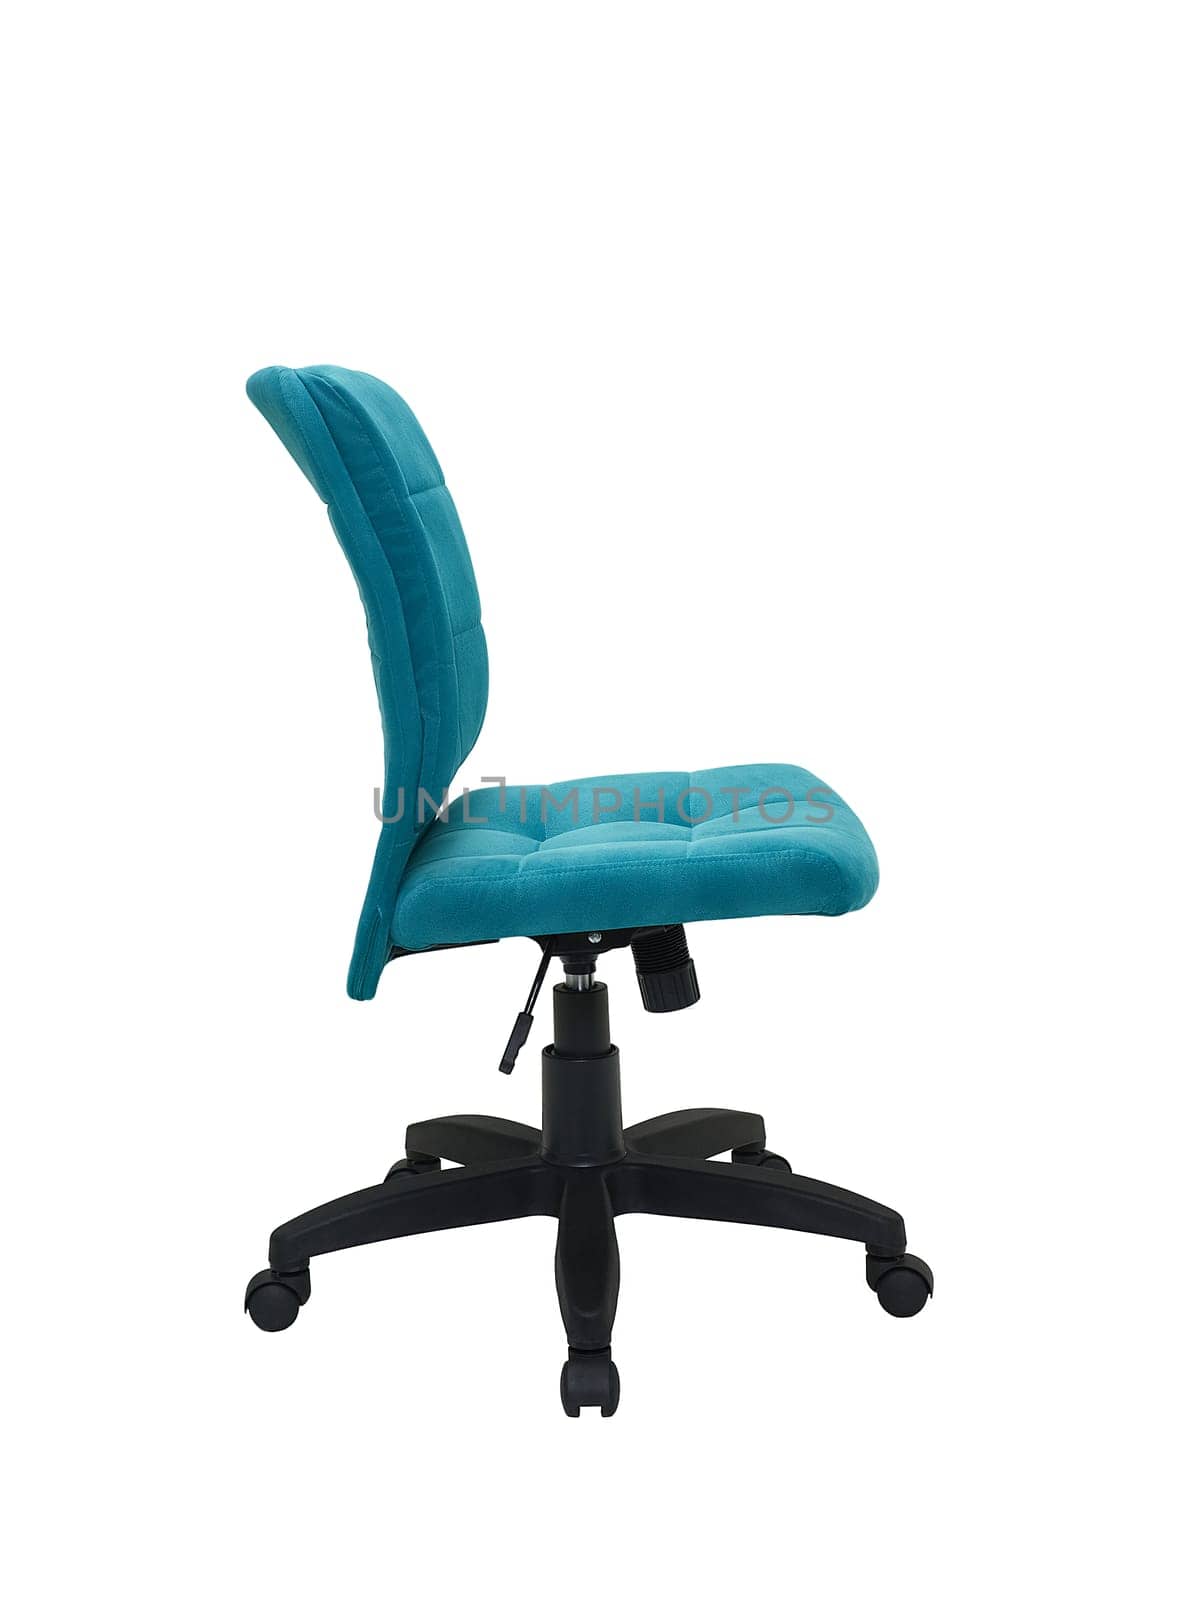 blue office fabric armchair on wheels isolated on white background, side view. modern furniture, interior, home design
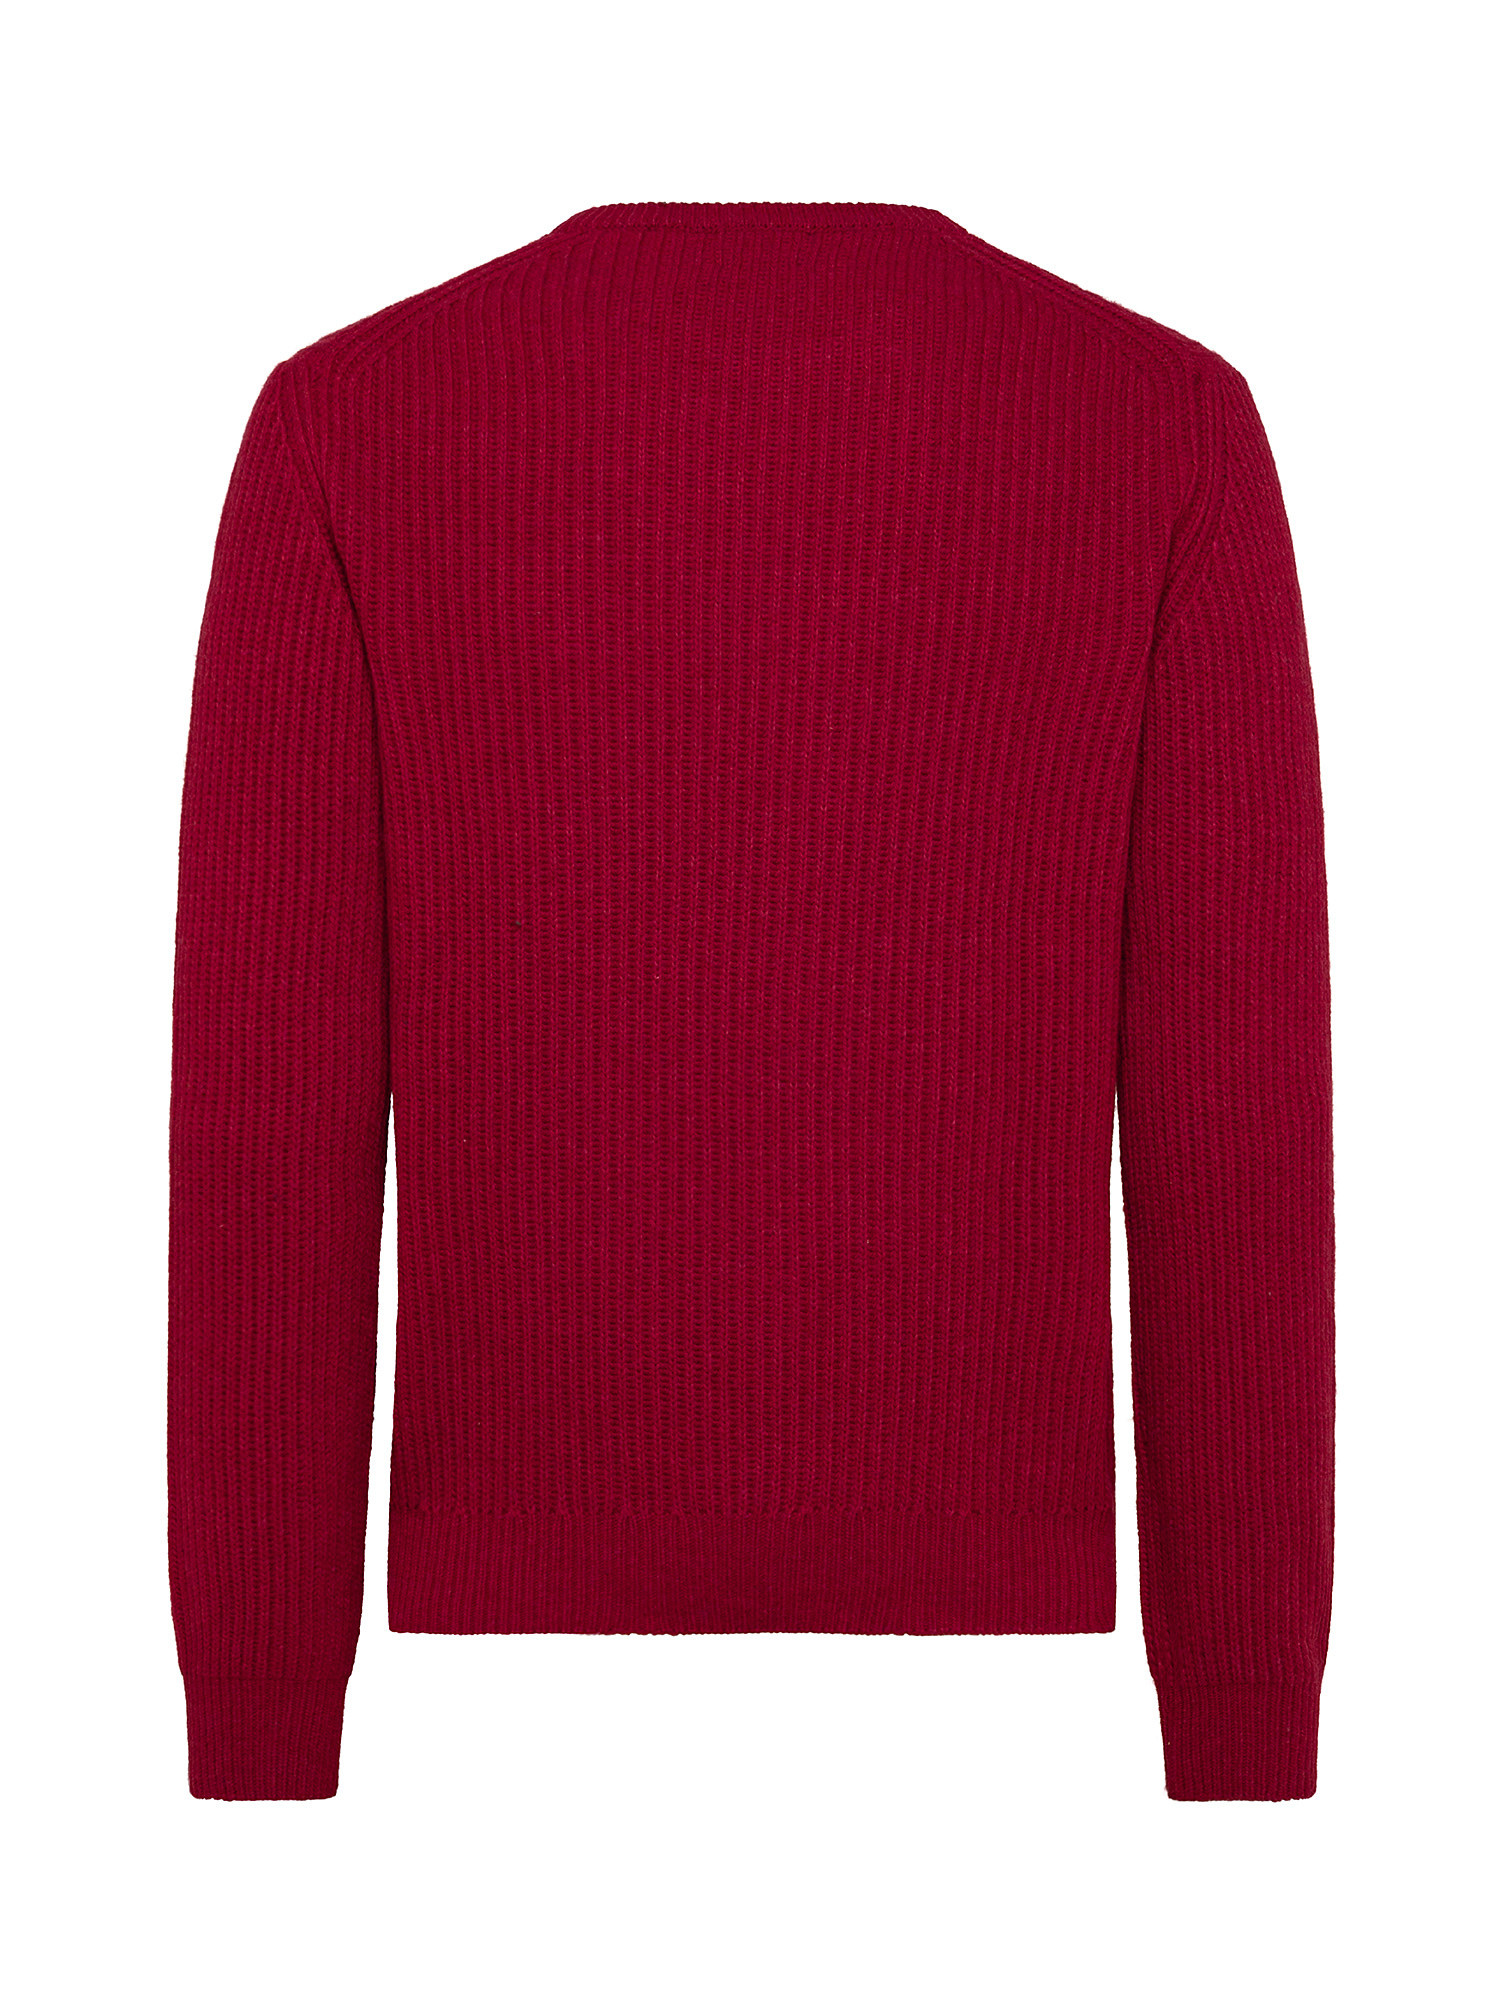 Crewneck sweater with noble fibers, Red, large image number 1
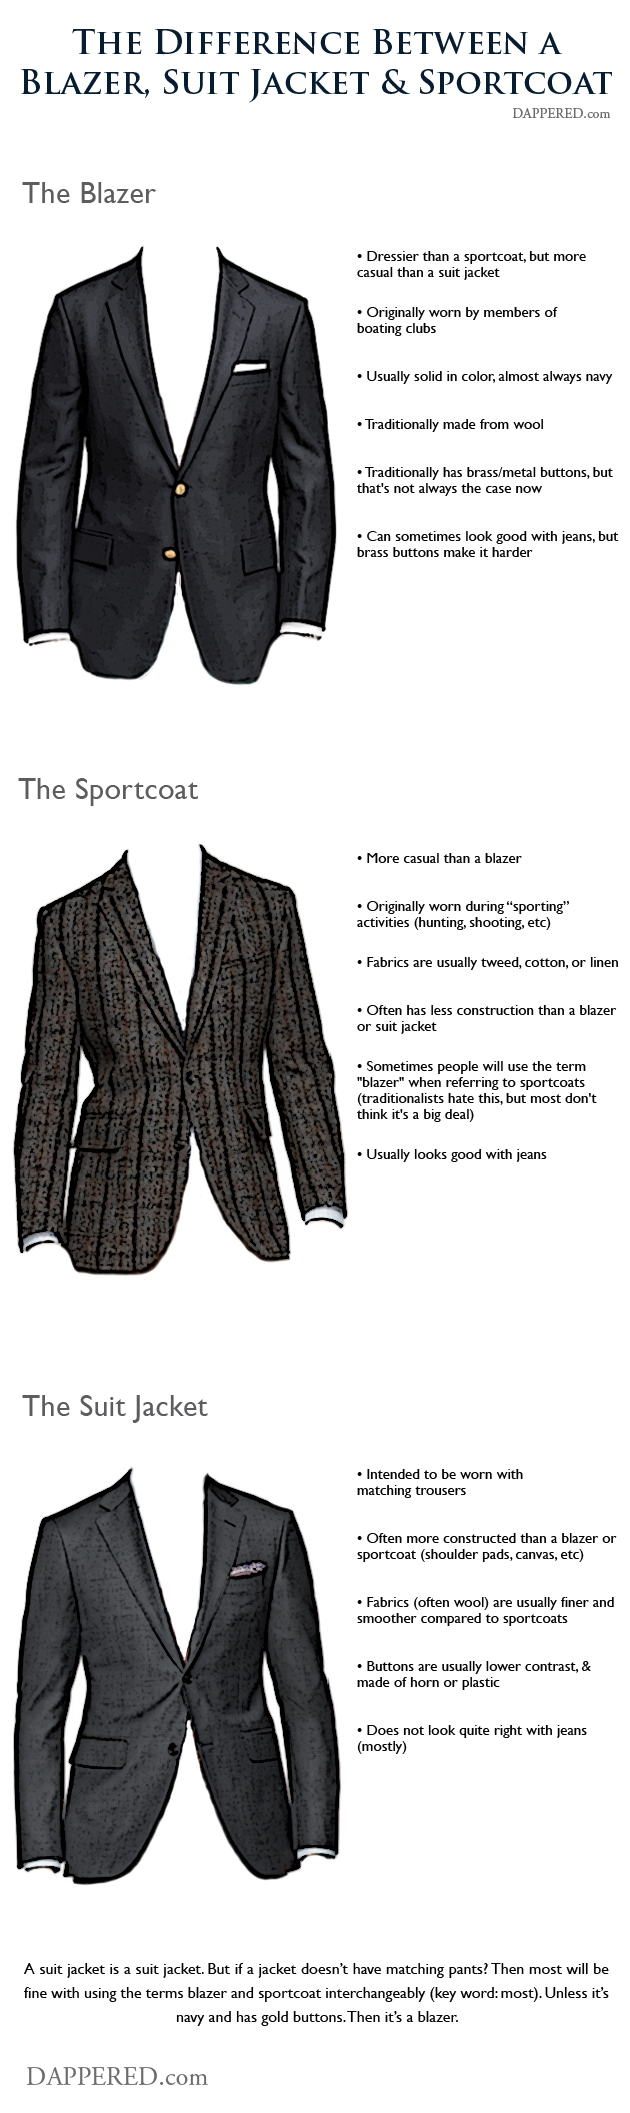 How To Tell The Difference Between A Blazer And Suit Jacket Hotmailav

---

The listing above should be repeated word for word, pictures removed.

 blue office fabric armchair on wheels isolated on white background, side view. modern furniture, interior, home design
 Crewneck sweater with noble fibers, Red, large image number 1
 How To Tell The Difference Between A Blazer And Suit Jacket Hotmailav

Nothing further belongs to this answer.